Figure 7. God is sovereign over good and evil but not in the same way. He cannot be held morally responsible for evil.

 

Looking at the atonement from the end point of history, one can see that it was designed in line with this asymmetrical sovereignty of God. God’s asymmetrical sovereignty can be observed in the Bible from the beginning of history to its account of the end. Even in Genesis 1 where the physical elements of light/darkness and order/chaos (features which are used later metaphorically to communicate the moral nature of good and evil) first originate, there is asymmetry. Light is called into existence by a direct command of God whereas the darkness originates in mystery. In the flood narrative of Genesis 6-8 God assumes credit for saving Noah’s family while mankind bears the responsibility for the sin leading to judgment.
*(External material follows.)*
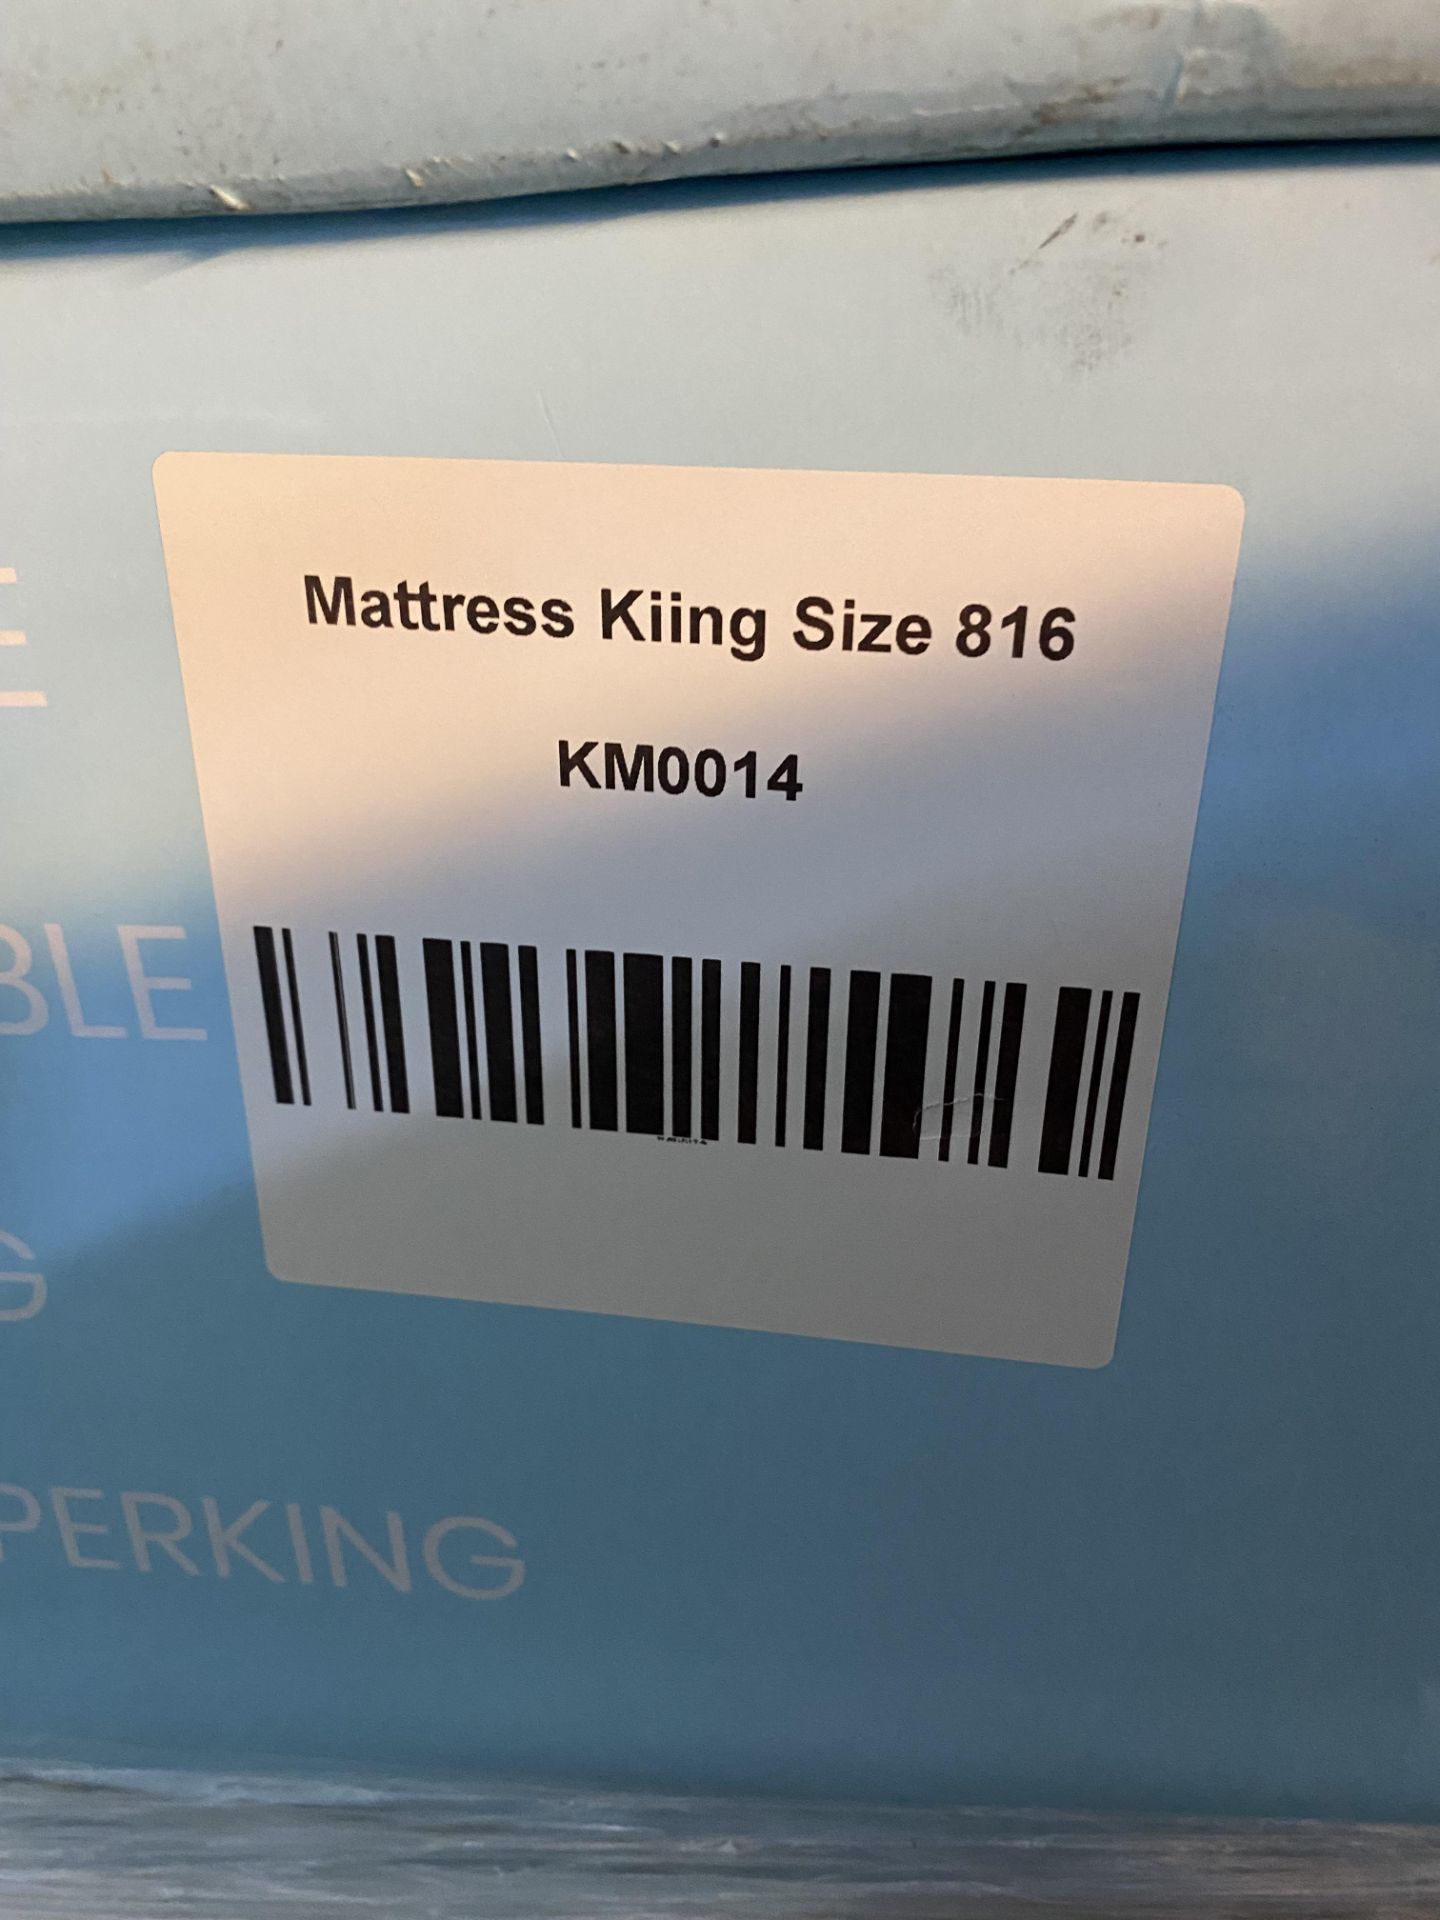 ComfaSleep KM0014 King Size 816 Mattress - Image 11 of 12

The same asymmetry of responsibility occurs with the Tower of Babel judgment in Genesis 11 and in the call of Abraham in Genesis 12 (cf. Deut. 4:19-20). Salvation is always due to God’s gracious and “disruptive” interference into the sinful state of affairs; judgment is always due to man’s sin reaping its fruit. Such asymmetry occurs again with the Exodus and in every subsequent act of judgment/salvation. The terminal conditions of Matthew 25:34, 41 and Romans 9:22-23, discussed previously, continue this asymmetry to the very end of history.

 

SUMMARY

 

This chapter has dealt with the most emphasized event in the NT: the death of the King. Your view of justice largely determines your response to this death. If you hold to the restitutionary nature of justice as derivative from God’s attributes, you will comprehend the cross. If, on the other hand, you hold to the various pagan notions of justice as something originated by society or an elite, you cannot understand what the King’s death is all about.

 

Only biblical Christianity offers the resolution of the justice and grace. As the basis of all grace, the atonement stands underneath every gospel message. Your view of the atonement seriously determines the shape of the gospel you believe and talk about. Is the gospel you believe a weak, impotent statement by a begging Jesus whose atonement can be thwarted by creature moral responsibility unbelief, or is it a commanding call by a Savior whose death as it touches all men, calls the elect into existence through faith?

 

END NOTES FOR CHAPTER 4

 

1. Leon Morris, The Cross in the New Testament (Grand Rapids: Wm. B. Eerdmans Pub. Co., 1965), p. 365.

 

2. See Charles L. Feinberg, Is the Virgin Birth in the Old Testament? (Whittier, CA. 90603: Emeth Publications, 1967), pp. 22-33; and see the early part of the Book of Enoch, 62:5.

 

3. Arnold G. Fruchtenbaum, Jesus Was A Jew (Nashville: Boardman Press, 1974), p. 13.

 

4. For example, see George E. Ladd, A Theology of the New Testament (Grand Rapids: Wm. B. Eerdmans Pub. Co., 1974), pp. 156, 319.

 

5. Fruchtenbaum, p. 27.

 

6. Ibid., p. 28.

 

7. See Mark 15:44. Canadian physiologist Arthur C. Custance has made a good case that Christ probably died with (not because of) a heart that had ruptured the previous night at Gethesemane (cf. Luke 22:44; John 19:34). His discussion was privately published as Doorway Paper, No. 17, “How Did Jesus Die?” years ago and are no longer available to my knowledge.